The distribute_to_lambda function is our replacement for the map in my_map (and you should already replace it with this). It calls the functions to invoke another lambda on each data separately, but in parallel (using threading). The run_lambda function will (later) invoke a new lambda and execute the map_function on it. As this function should not see the streaming and encoded data, we wrap it with the function_in_lambda.

You can already go and test this setup (either locally or remotely, as you like). You will notice (especially of you run it locally), that the execution time is already larger than before. This comes solely from the streaming and packing of data - although we are not streaming over network yet.

Short amendment

Before going on, I have noticed that we make our life a lot easier, if we move the call to the feature_calculation_on_chunks into the function_in_lambda instead of defining the map_function as partial function (because it is not pickle-able anymore). So we throw away the

map_function = partial(feature_calculation_on_chunks, f=f)

in the my_map function and just rename the argument f to map_function. In the function_in_lambda, we replace the map_function call by

# was result = map_function(data)
result = feature_calculation_on_chunks(data, map_function)

As these were quite some changes in total, I have added another git tag called part-four-middle, where you can see the status of the code so far.

Let’s invoke ourselves!

It’s time we fill in our last missing part! To make this part configurable, we add another option to run_lambda (as well as to distribute_to_lambda and to my_map, to make it configurable in calculate_result) called invoke_lambda.

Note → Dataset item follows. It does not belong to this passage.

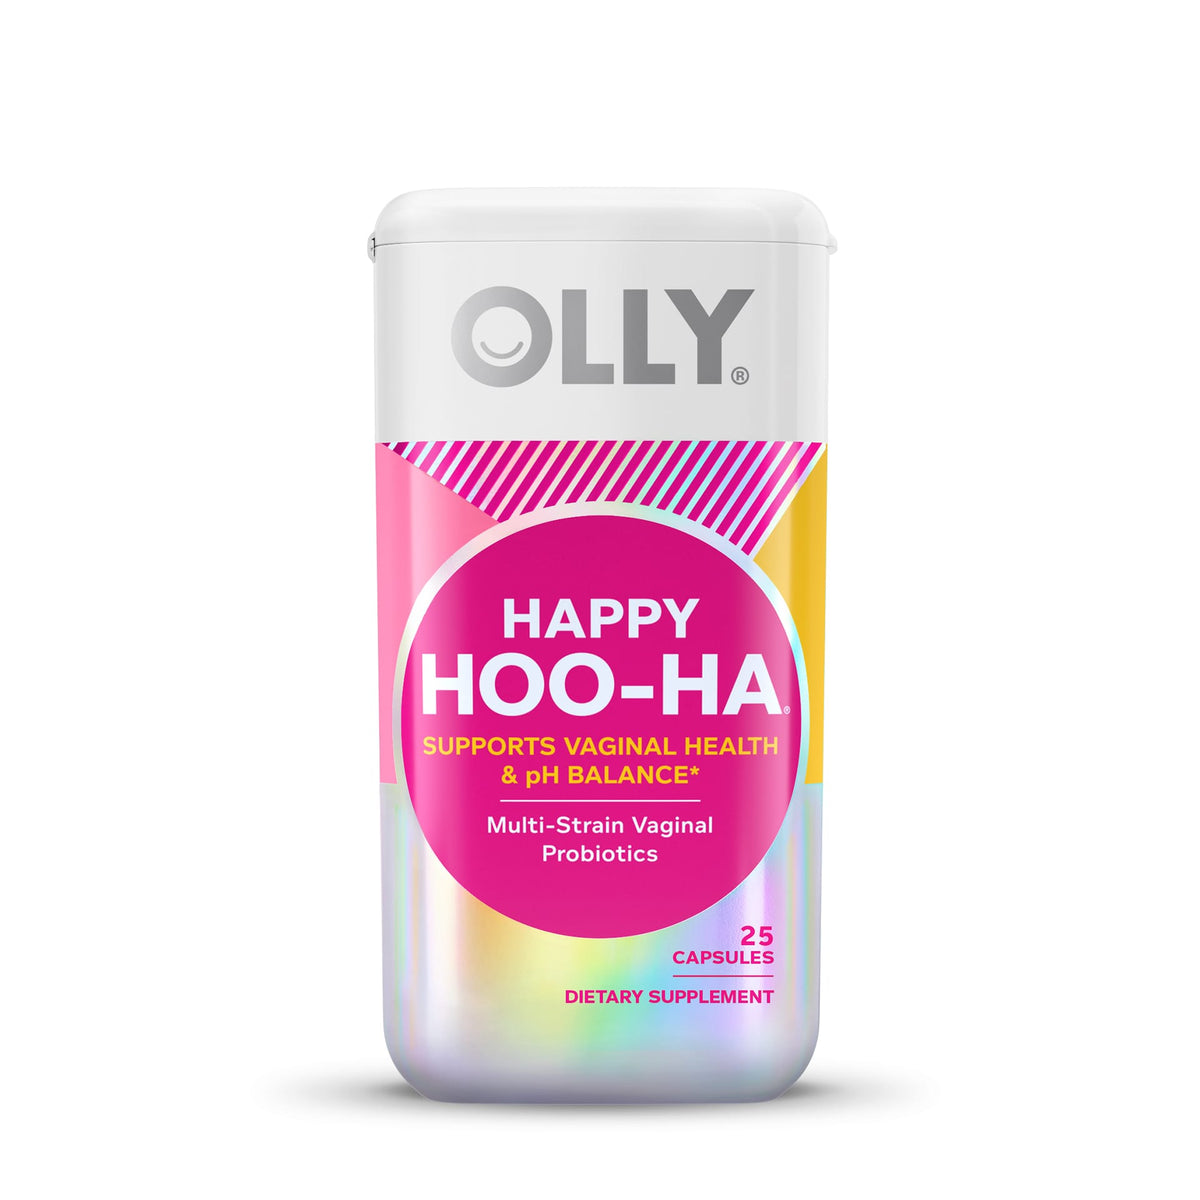 Olly Female-Focused Probiotic, Multi-Strain, Happy Hoo-Ha, Capsules - 25 capsules
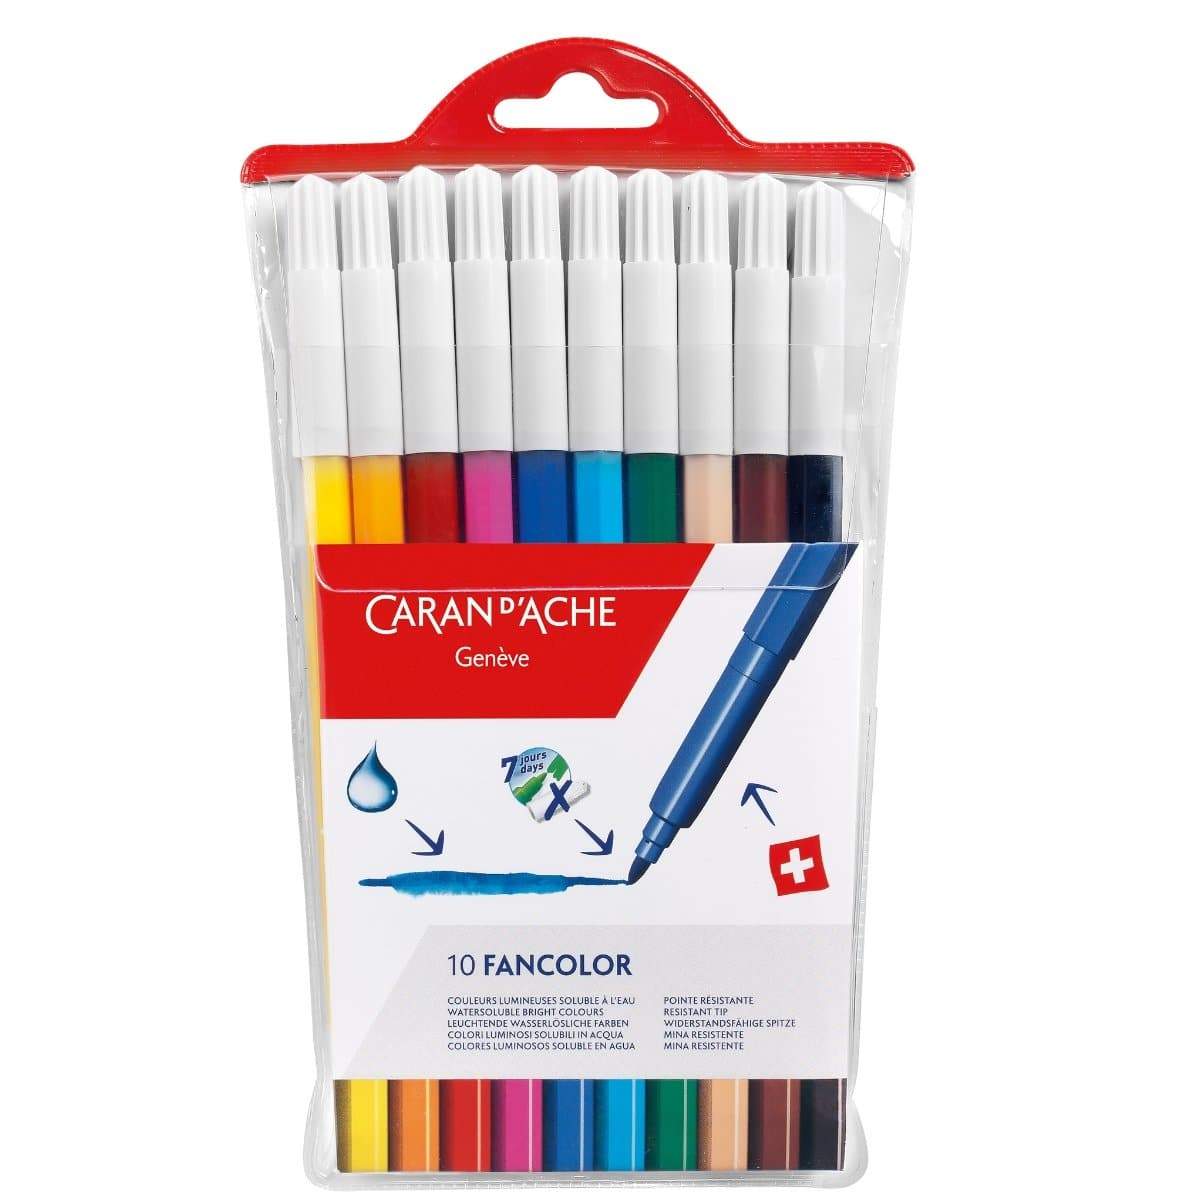 CARAN D'ACHE Fancolor Large Fibre Pens 10 Colours

With this new parameter, our run_lambda body looks something like this:

from zappa.async import get_func_task_path, import_and_get_task

from aws_utils import send_to_other_lambda

def run_lambda(data, map_function, compression, invoke_lambda):
    encoded_data = encode_payload(data, compression)
    map_function = get_func_task_path(map_function)
    if not invoke_lambda:
        encoded_result = function_in_lambda(encoded_data, map_function, compression)
    else:
        encoded_result = send_to_other_lambda(function_in_lambda, encoded_data, map_function, compression)
    return decode_payload(encoded_result, compression)

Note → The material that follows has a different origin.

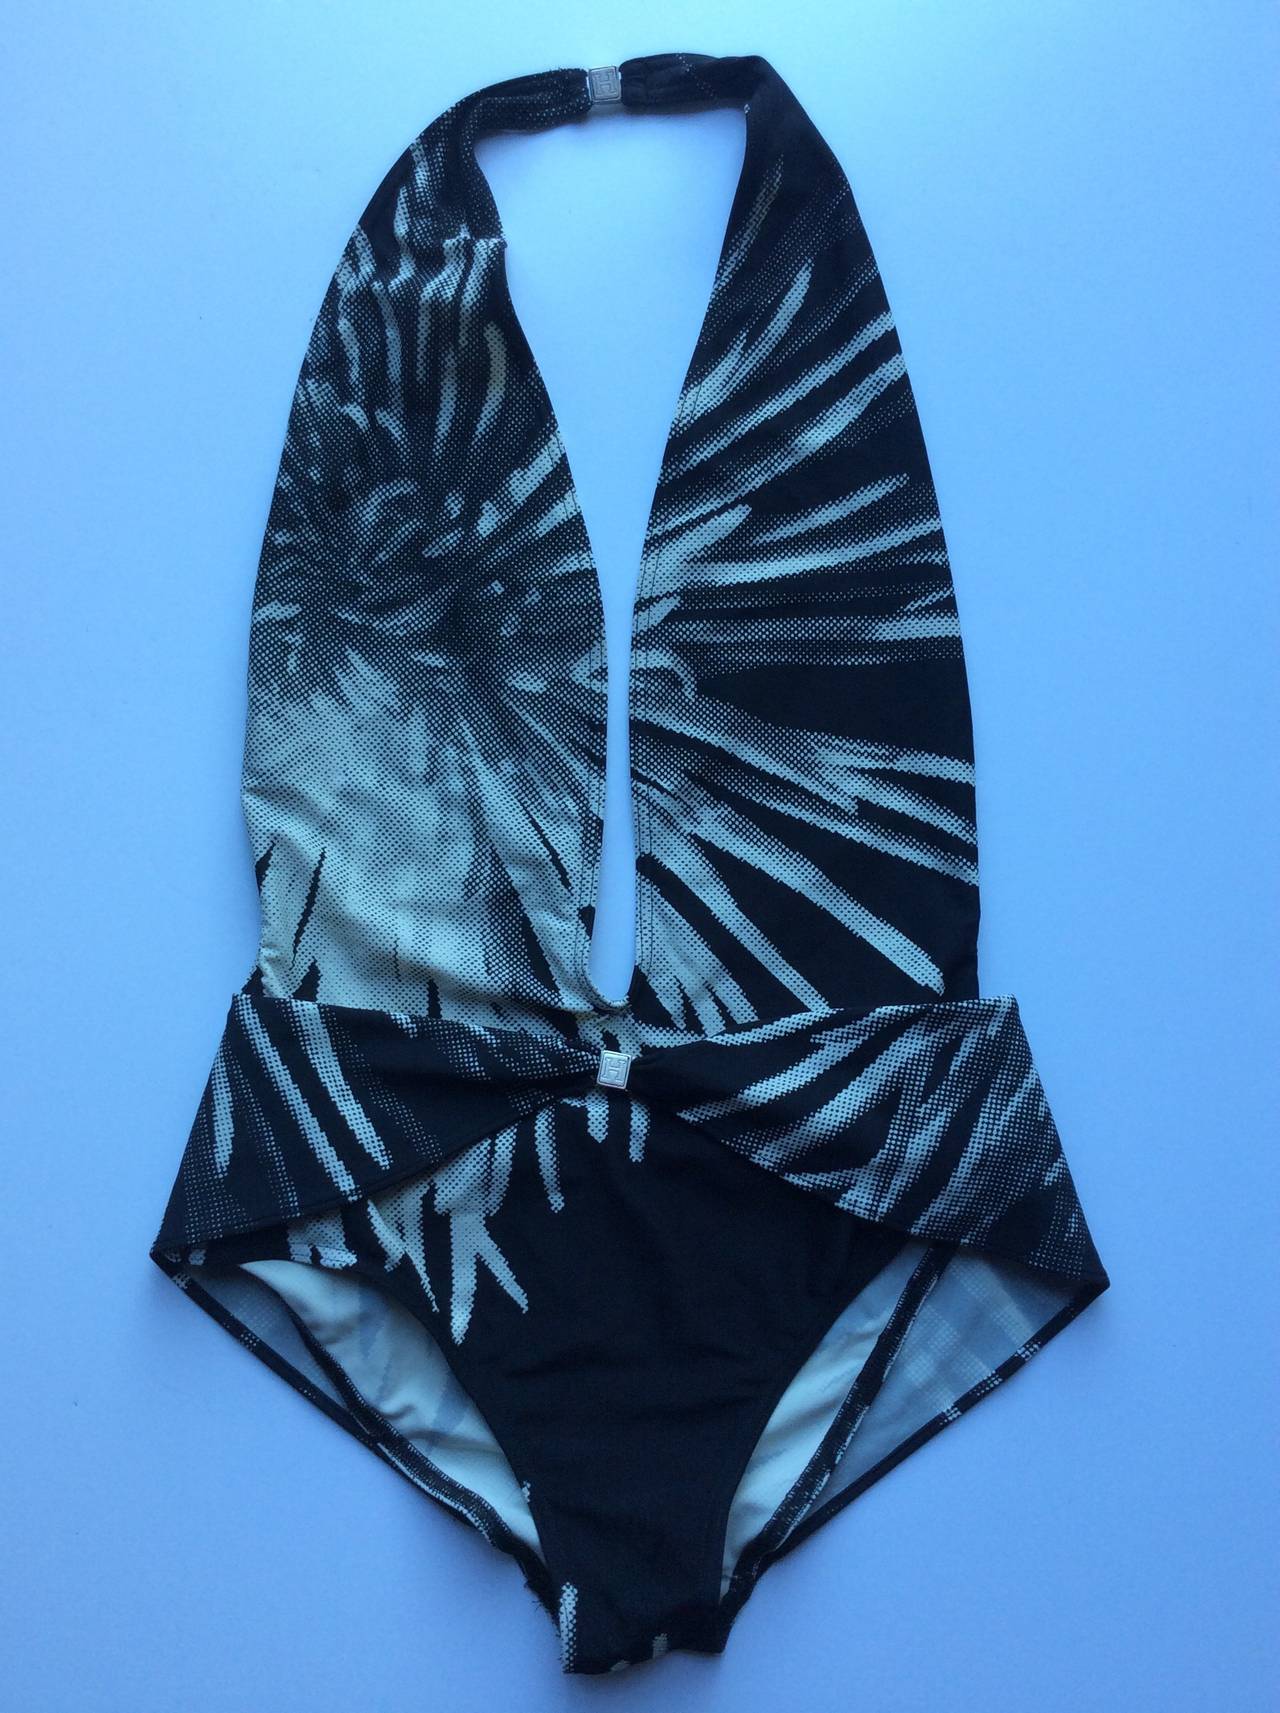 Hermes Paris Rare Plunging Monokini Bathing Suit For Sale 3

We still have to define the send_to_other_lambda function in aws_utils, but what else has happened?

To explain this, I have to tell you a bit in forehand, on how we will call the lambda function. We will use the zappa framework for this. We will make an Amazon Lambda API call to the same lambda function we are running in the moment, which will again call the zappa handler, that we are already using to answer out HTTP API calls (remember?). However, this time we are telling zappa not to execute our normal flask entry point as usual, but to call a special function for us, namely the function_in_lambda. For this, we will have to give the arguments to this function also, which means we have to convert them to JSON before (Amazon communicates via JSON between Lambdas). But the map_function is a function object - we can not easily convert it to JSON. Or? Well we can convert it to a string quite easily, because a normal python function can be described by its full name (with module etc.). And this is exactly what the get_func_task_path from the zappa package is doing.

The counterpart in function_in_lambda is the import_and_get_task function, which turns a name back into a function, which we add at the beginning

map_function = import_and_get_task(map_function)

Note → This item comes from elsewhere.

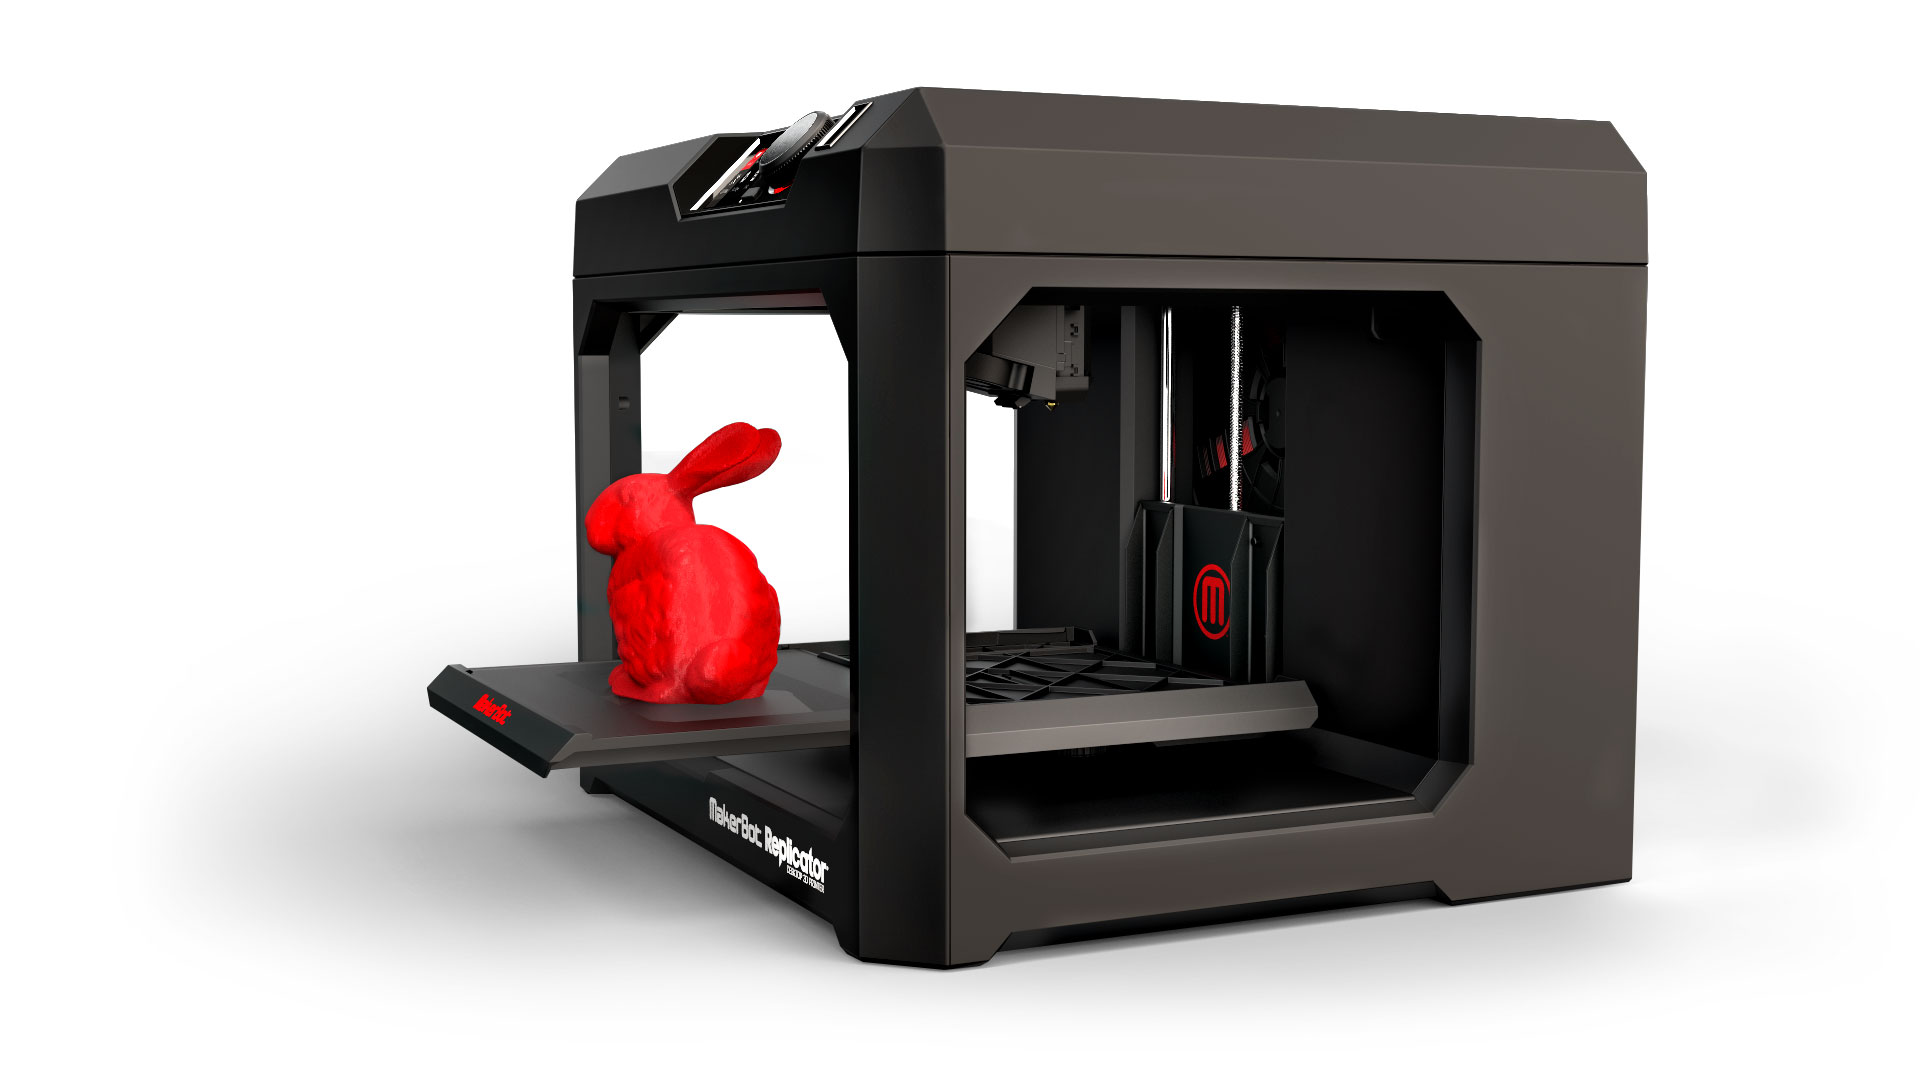 Hoeveel kost een 3D printer?

But still we have no Lambda caller! Ok, I will just dump the new code for aws_utils.py first and we discuss it afterwards:

from zappa.async import get_func_task_path, LambdaAsyncResponse, AsyncException

def send_to_other_lambda(function_in_lambda, *args, **kwargs):
    """
    Call the function_in_lambda in another lambda instead of the running one
    and return the result.
    :param function_in_lambda: The function to call.
    :param args: The arguments to this function.
    :param kwargs: The lwargs to this function.
    :return: The result of this call.
    """
    lambda_function_name = os.environ.get('AWS_LAMBDA_FUNCTION_NAME')
    aws_region = os.environ.get('AWS_REGION')

    task_path = get_func_task_path(function_in_lambda)
    result = LambdaSyncResponse(lambda_function_name=lambda_function_name,
                                aws_region=aws_region).send(task_path, args, kwargs).response

    return result


class LambdaSyncResponse(LambdaAsyncResponse):
    """
    Helper class inheriting from LambdaAsyncResponse to start a new lambda function.
    """
    def _send(self, message):
        """
        Send method overloading the one from LambdaAsyncResponse, to call the lambda
        synchronously. Still mostly copied from the original function.
        """
        message['command'] = 'zappa.async.route_lambda_task'
        payload = json.dumps(message, encoding="utf8").encode('utf-8')
        if len(payload) > 6000000:  # pragma: no cover
            raise AsyncException("Payload too large for sync Lambda call")

        self.response = json.loads(self.client.invoke(
            FunctionName=self.lambda_function_name,
            InvocationType='RequestResponse',
            Payload=payload
        )["Payload"].read())

First of all you may notice, that we are heavily relying on zappa here - because it brings (mostly) everything we already need (actually, it has everything for calling a lambda function asynchronously, but we want a synchronous invocation).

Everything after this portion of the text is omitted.